An important conjecture from our findings is that the regulatory nature of CpGs depends on the level of TCR reactivity. In our previous study, when iNKT cells were activated by using suboptimal concentrations of TCR agonists, CpG co-stimulation in these cells led to an enhancement of their activation (Kulkarni et al. 2012). Contrastingly, in the present study, CpG co-stimulation of iNKT cells in the presence of higher concentrations of TCR agonists resulted in diminished activation. This “conditional” regulation by the CpG in iNKT cells appears to operate through the fine-tuning of the control mechanisms that regulate TCR signaling. Since both the TLR and TCR signaling pathways cross-talk and utilize MAPKs to exert their actions, one of the “regulatory check-points” for the CpG-mediated effects observed in the present study is presumably at the level of MAPK signaling.

Signaling by MAPKs can be modulated at the molecular level by various mechanisms. One such mechanism is the dephosphorylation of MAPKs by DUSPs (Xu et al. 2014). DUSPs are a family of protein tyrosine phosphatases that are expressed either in the nuclear or cytosol compartment and that chiefly dephoshorylate threonine and tyrosine residues on MAPKs (Jeffrey et al. 2007). Of this family, DUSP1 has been implicated as the crucial negative regulator of the innate immune system (Liu et al. 2007). For example, Chen et al. (2002) found that LPS stimulation of a macrophage cell line leads to increased DUSP1 expression afftecting p38 MAPK signaling and similarly, others also observed DUSP1 up-regulation in APCs stimulated with CpG and peptidoglycan resulting in diminished ERK or p38 MAPK signaling (Chi et al. 2006; Salojin et al. 2006). DUSPs are also induced in T cells in response to TCR and TLR co-stimulation (Gonzalez-Navajas et al. 2010; Liu et al. 2007). In this context, we assessed the induction of DUSP1 (nuclear), DUSP2 (cytosolic) and DUSP10 (nuclear and cytosolic) in iNKT cells co-stimulated with CpG in the presence of TCR agonists. We observed an increase in DUSP1 gene transcription in CpG co-stimulated cells early on at 6 h with a corresponding increase in DUSP1 protein expression by 24 h post-stimulation. We further examined the expression of SHP-1, a well-characterized negative regulator of TCR reactivity in T cells and found that SHP-1 is also markedly increased at both the transcriptional and protein levels in CpG co-stimulated iNKT cells. Taken together, our observations suggest that CpG co-stimulation in TCR-activated iNKT cells induces the expression of certain phosphatases that affect both upstream TCR and downstream MAPK signaling to dampen cellular activation. Placing our observations in a biological perspective, we can reasonably infer that DUSP1 and SHP-1 phosphatases provide a crucial negative feedback mechanism to attenuate the activity of ERK and p38 MAPKs during innate responses against various microbial components.

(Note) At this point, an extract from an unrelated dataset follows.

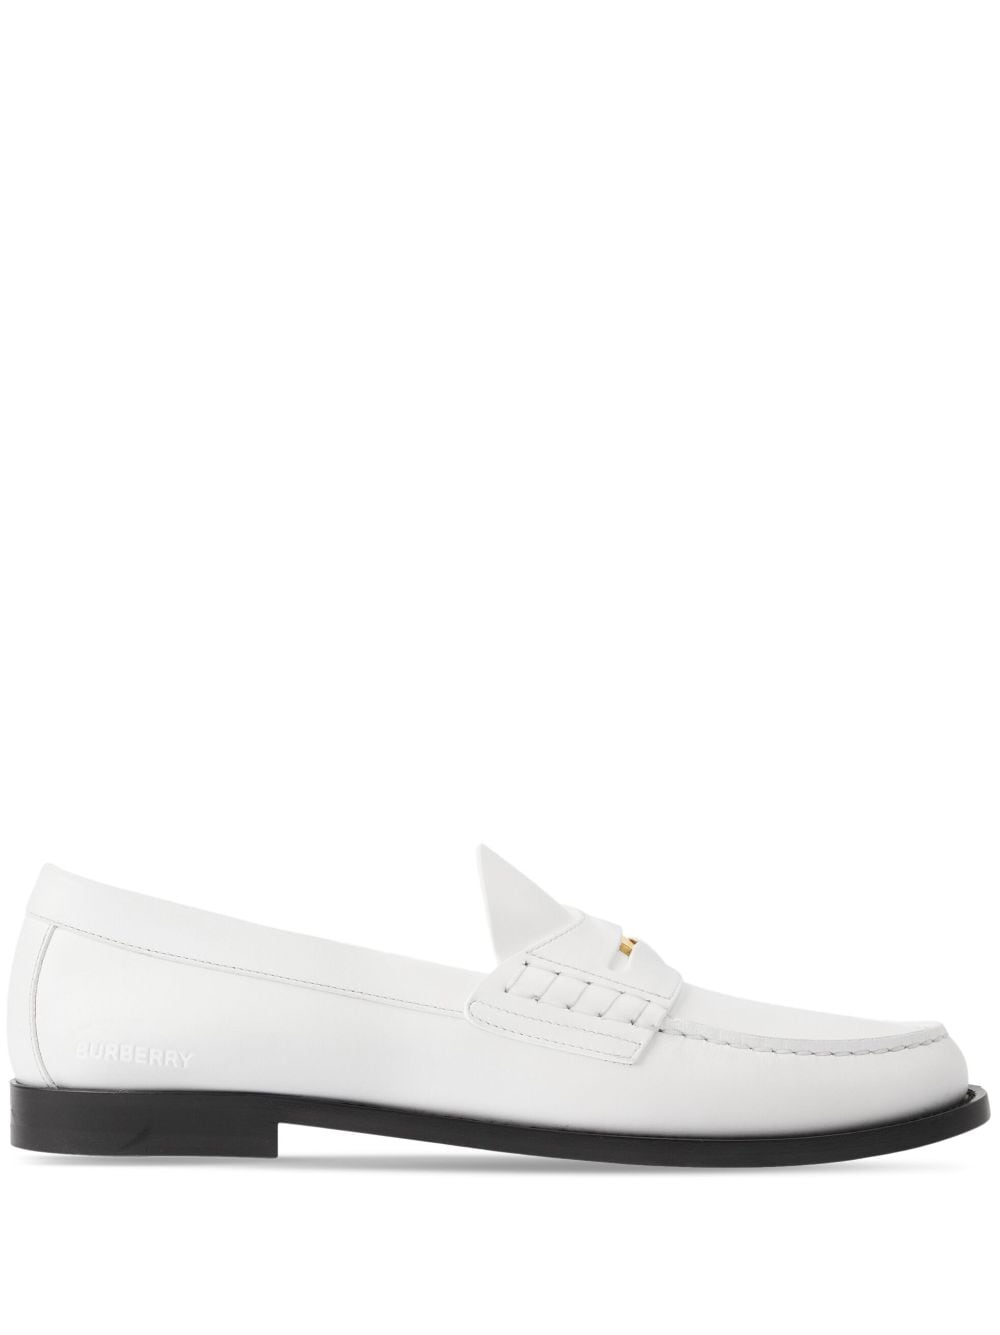 Burberry logo-detail leather penny loafers - White von Burberry

In summary, our results show that CpG co-stimulation in iNKT cells can modulate TCR-induced activation independently of APC-derived signals and that the effects mediated by CpG depend, at least in part, on MyD88 signaling. These effects seem to operate through the blocking of MAPK and TCR pathway signaling via the induction of certain phosphatases such as DUSP1 and SHP-1. This may have some biological value in that excessive iNKT cell activation in response to microbial insults needs a regulatory apparatus to avoid unwanted cytokine-mediated immunopathology. Notably, mouse Vα14 NKT cells are functionally very similar to human Vα24 NKT cells in many ways including their cytotoxic activity against tumor/infected cells and their importance in autoimmunity (Takahashi et al. 2002). Furthermore, α-GalCer is a potent TCR agonist for both mouse and human iNKT cells whose engagement induces the robust production of IFN-γ and IL-4 cytokines. Therefore, our findings may have clinical implications in the control of overactive NKT-cell-mediated complications such as arthritis, liver damage, atherosclerosis and contact hypersensitivity (Chiba et al. 2008).